Some of the 3rd Duke’s foxhounds are immortalised in a painting he commissioned by George Stubbs, The 3rd Duke of Richmond with the Charlton Hunt, in which we know the hounds portrayed are accurate portraits of known dogs. Stubbs also painted an equestrian portrait, now in an American collection, of The Countess of Coningsby in the Costume of the Charlton Hunt – and trotting behind the Countess’s hunter, perilously close to its hind legs, we can see what might just be a red Pomeranian, which would make the fashionable Lady Coningsby an “early adopter” of the breed, then only recently imported from Germany by Queen Charlotte.
A century or so later, Goodwood was one of the first places where another exotic breed might be spotted – surely one of the strangest spoils of war ever. Today, Pekingese dogs are popular pets all over the world. But for centuries the breed was kept exclusively by members of the Chinese Imperial Court – and bred for courtly life. In 1860, during the 2nd Opium War, the Emperor fled his Summer Palace as a joint British and French force approached. One of his elderly aunts remained, however – only to commit suicide as the troops stormed the palace. Her five pet Pekingese were seized by English officers, with one given to Queen Victoria (who named it Looty), two presented to the Duchess of Wellington, and a further pair given to the Duchess of Richmond. It is from these two Pekingese, called Guh and Meh – and possibly Schloff, one of the pair presented to the Duchess of Wellington – that the famous Goodwood strain of Pekingese evolved.
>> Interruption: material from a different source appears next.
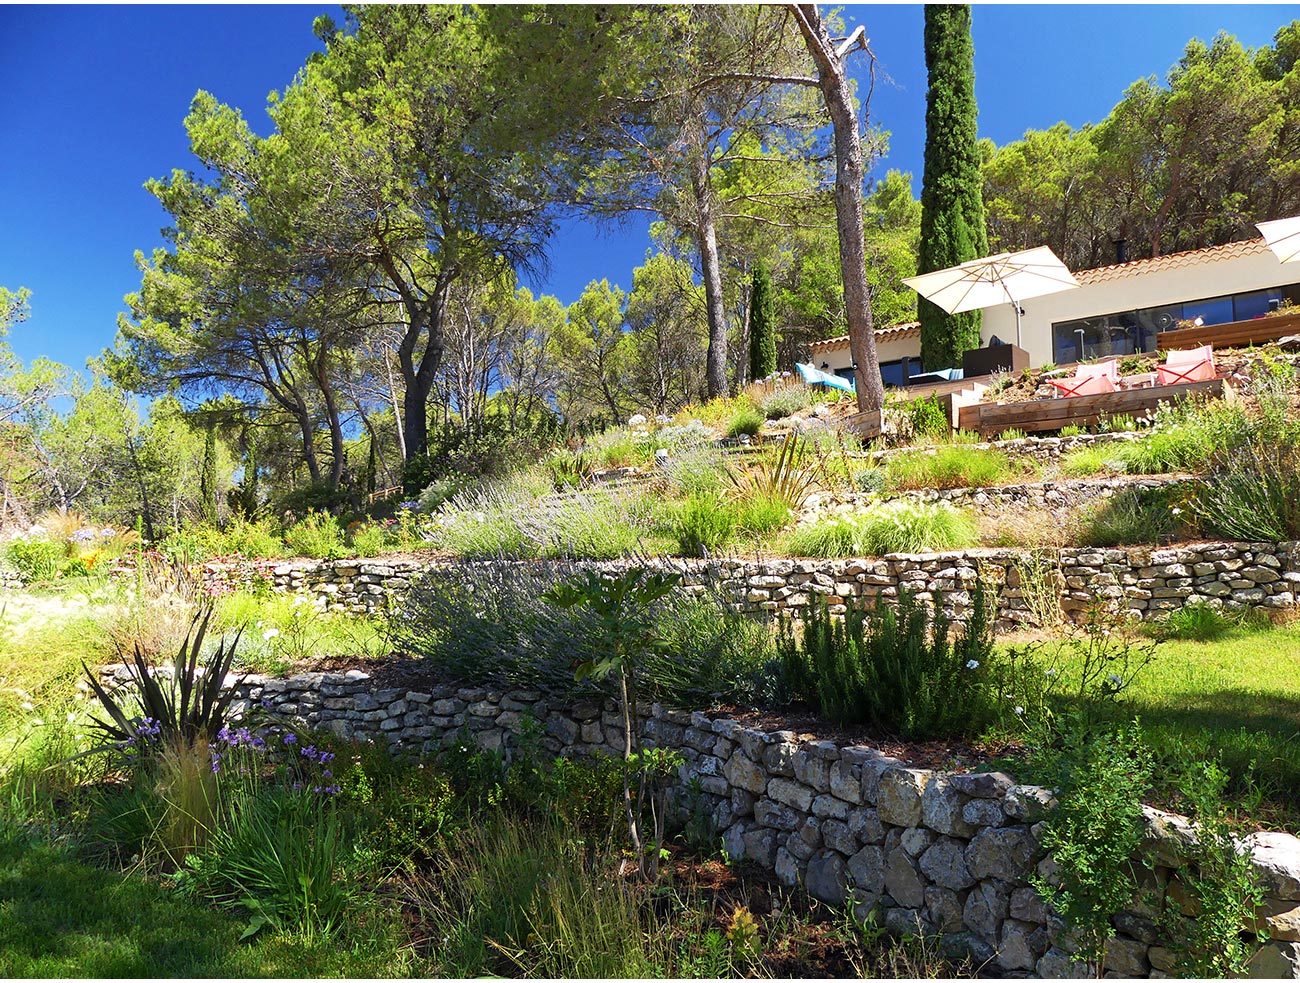 Atelier Naudier - Architecte paysagiste concepteur - Montpellier et Aix en Provence - Jardin en restanque naturaliste - aménagement jardin

And once again, they pop up throughout family photographs, sitting at the feet of the future 7th and 8th Dukes, for example, at a shooting party at Gordon Castle – a living, yapping relic of imperial China transposed to the Scottish Highlands and Sussex Downs.
The 7th Duke briefly reintroduced what was then called the Goodwood Hunt after a long hiatus in the 1880s. By then, Wyatt’s splendid Kennels was home to the Duke’s racing trainer, so the Duke housed his hounds just across the road at the newly built Hound Lodge. It lasted just 12 seasons which also saw the end of Goodwood’s long and close association with hunting.